Explosão pela metade

A equipe comandada pelo Major Andrei Durnovtsev havia realizado a maior explosão de origem humana da história, porém a Tsar Bomba operava apenas pela metade de potencial de 100 megatons. Dentre as razões para a cautela, havia o medo de que o comboio não pudessem se afastar a tempo de não ser engolido pela bola de fogo e a incerteza dos danos que seriam causados por tamanha quantidade de energia. Por fim, a pressa na sua produção também gerava riscos de acidentes, e ninguém queria um apocalipse não-desejado no próprio quintal.

Ainda que com 50 megatons, a Tsar Bomba superou qualquer artefato nuclear, e equivaleu a dez vezes a energia de cada bala e bomba disparada ao longo dos seis anos de Segunda Guerra. Somados.

Diante dos sucessivos avisos de Khrushchev, os EUA já monitoravam constantemente as atividades nucleares na Europa e logo captaram o gigante soviético. Passado o experimento, o medo surgiu dos dois lados: os americanos sabiam, agora, do poder comunista e esses temiam revanche vinda de Washington. Logo, ambos, junto do Reino Unido, iniciaram tratativas para conter a proliferação atômica e evitar a chamada ‘destruição mútua assegurada’ (teoria de que, em caso de guerra nuclear, não haveria vencedores, dado que ambos os lados seriam exterminados pela força das bombas inimigas).
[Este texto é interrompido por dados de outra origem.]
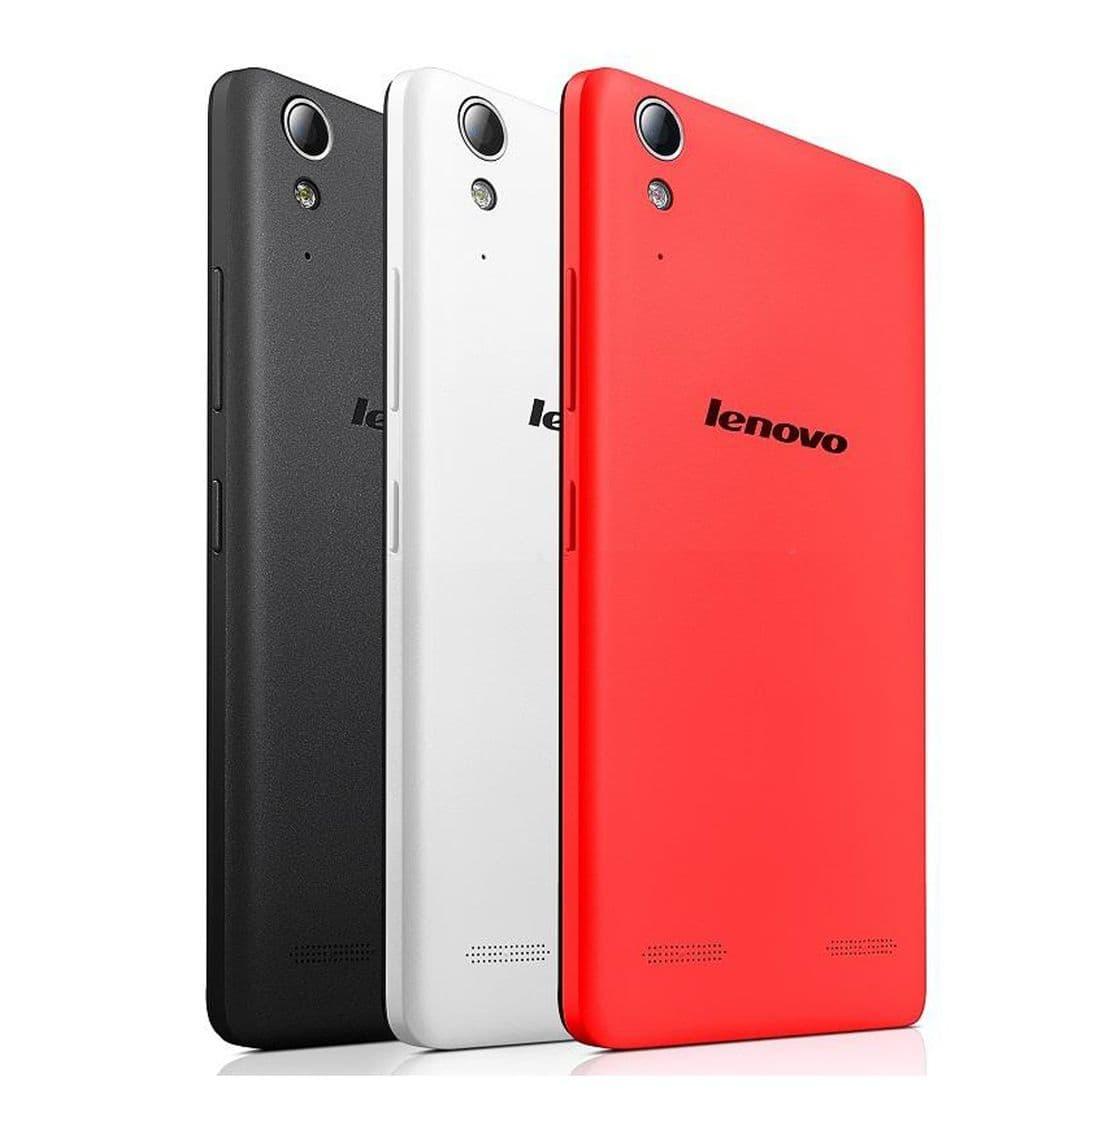 Lenovo A6010 Buy Smartphone  Compare Prices In Stores  Lenovo A6010

A Tsar Bomba, sobretudo, não possuiria valor tático em um conflito. Ela era extremamente pesada e, por isso, era transportada por um avião lento e grande, facilmente atacável. Puro instrumento de propaganda, porém, a arma acabou tornando-se um ponto de virada na corrida armamentista, de modo que, nos anos seguintes, iniciou-se uma tendência gradativa de diminuição dos testes do tipo. Assim, no final da década de 60, o Tratado de Não Proliferação de Armas Nucleares era assinado, e iniciava-se o declínio da energia nuclear não-pacífica.

Ao expor o horror máximo da guerra atômica, a Rússia, sem querer, iniciava a jornada por um mundo mais seguro. Ao passo que Albert Einstein morreu arrependido de ter cooperado com o surgimento das primeiras armas nucleares — o físico pretendia utilizá-las contra a Alemanha de Hitler, e, ao ver o ataque ao Japão, ficou enfurecido por ter sugerido-as a Franklin Roosevelt —, as brilhantes mentes russas do laboratório de Arzamas-16, situado próximo a Nizhny Novgorod, sede da Copa, correram contra o tempo para satisfazer a vontade de Khrushchev. Mal sabiam que ali, às margens do rio Volga, contribuíam pelo fim de bolas de fogo ‘poderosas e arrogantes como Júpiter’.